Depuis quelque temps, sous des photos de Gisèle Pelicot, on voit surgir des commentaires qui la traitent de « comédienne », de « sorcière », mettent en doute son statut de victime, ironisent sur son apparence, son sourire, ses vêtements, sa nouvelle vie.
Non. Pas des robots. Pas toujours. Ce sont des êtres humains derrière leurs écrans. Des ombres mouvantes qui pensent parfois être de « bons Français », des gens respectables, et qui trouvent néanmoins parfaitement normal de salir publiquement une femme dont le calvaire a été établi devant la justice.
À gerber. Ça suffit. Y’en marre c’est plus possible de laisser passer ça.
Il semble donc qu’un petit rappel soit nécessaire.
Cette femme s’appelle Gisèle Pelicot.
Le 19 décembre 2024, les 51 accusés du procès des viols de Mazan ont tous été déclarés coupables de viol, tentative de viol ou agression sexuelle au préjudice de Gisèle Pelicot. Dominique Pelicot, son ex-mari, qui la droguait à son insu et organisait les agressions, a été condamné à vingt ans de réclusion criminelle. Il n’a pas fait appel, rendant cette condamnation définitive.
Dix-sept condamnés avaient initialement fait appel. Seize se sont finalement désistés. Un seul est allé jusqu’au nouveau procès, en octobre 2025. Condamné à neuf ans en première instance, il a de nouveau été reconnu coupable et sa peine a été portée à dix ans de réclusion criminelle.
Et il ne s’agit pas d’une histoire reposant sur quelques témoignages incertains ou sur une reconstruction médiatique. Le dossier comportait notamment les images enregistrées par Dominique Pelicot lui-même. Les faits ont été examinés pendant des mois devant la justice.
Voilà simplement les faits judiciaires. Implacable. Aucun doute possible.
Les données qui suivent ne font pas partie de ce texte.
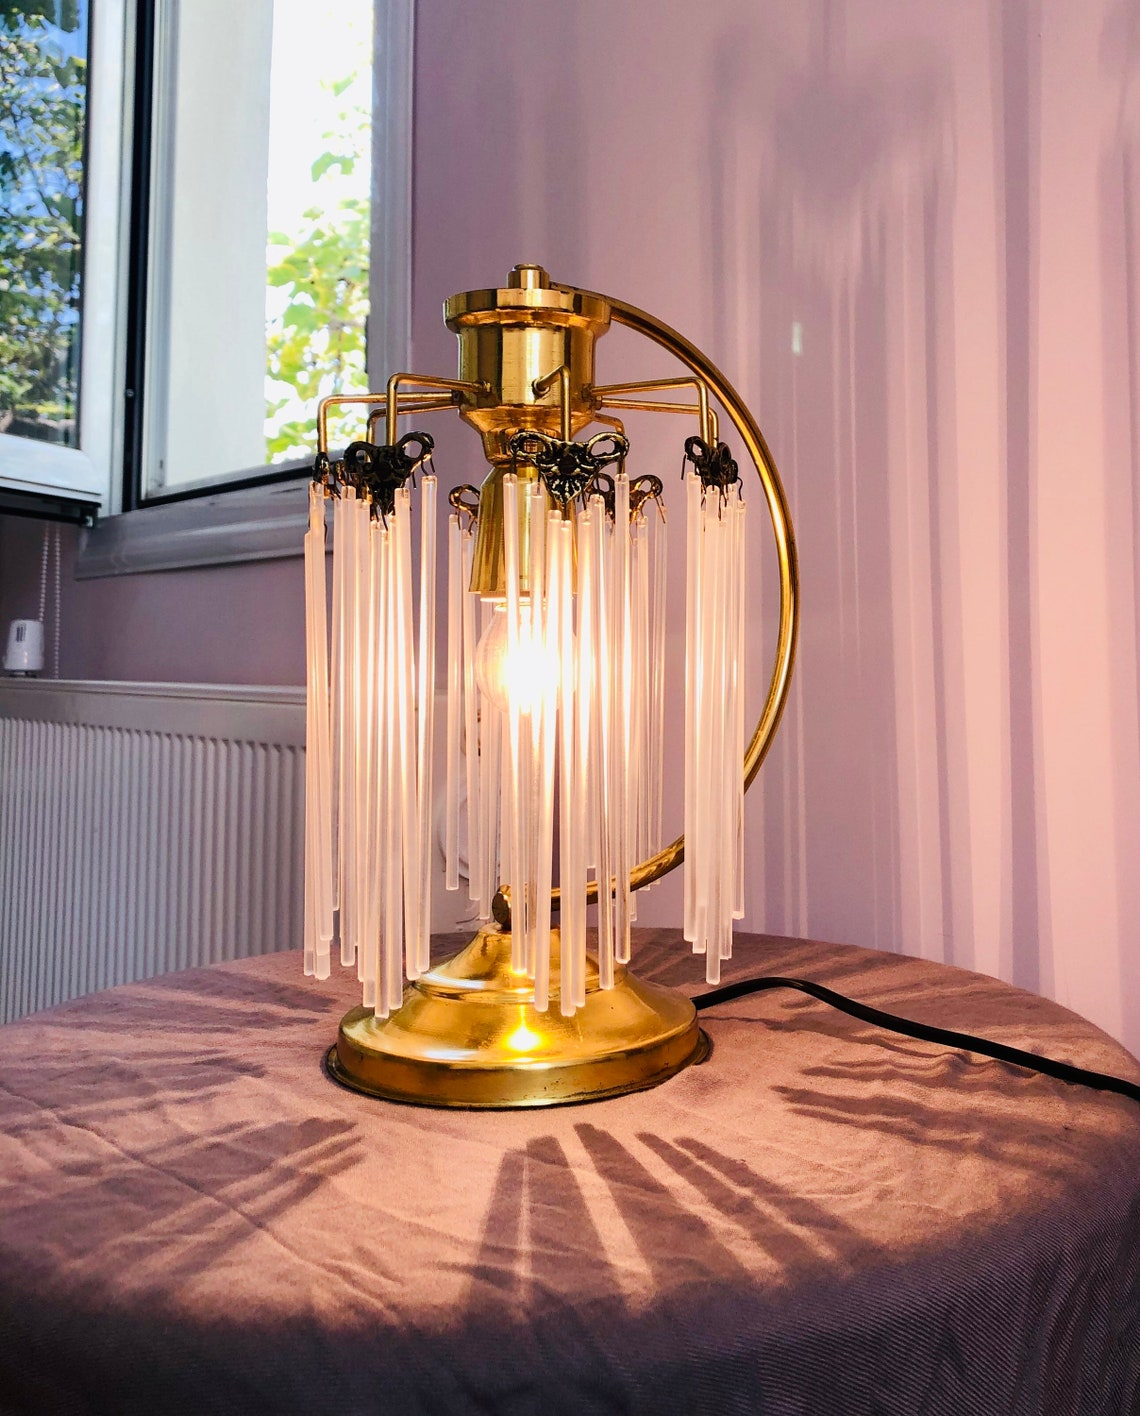 Vintage Murano Glass Table Lamp Antique Brass  Art Deco Retro Dining room  Bathroom Bedroom Indoor Light Shade Fixture 1980's

Et pourtant, sous une simple photographie montrant Gisèle Pelicot souriante, élégante, habillée pour une soirée, des centaines de personnes peuvent encore ressentir le besoin de déverser publiquement leur suspicion, leur mépris et leurs insinuations.
Comme si une victime devait présenter à vie les stigmates visibles de ce qu’elle a subi. Comme si elle devait marcher tête basse. Comme si sourire devenait suspect. Comme si porter une robe constituait une preuve à charge. Comme si continuer à vivre était une trahison de son propre malheur.
Il faudrait donc rappeler quelque chose d’une simplicité confondante : une victime n’est pas condamnée à avoir l’air d’une victime jusqu’à la fin de ses jours.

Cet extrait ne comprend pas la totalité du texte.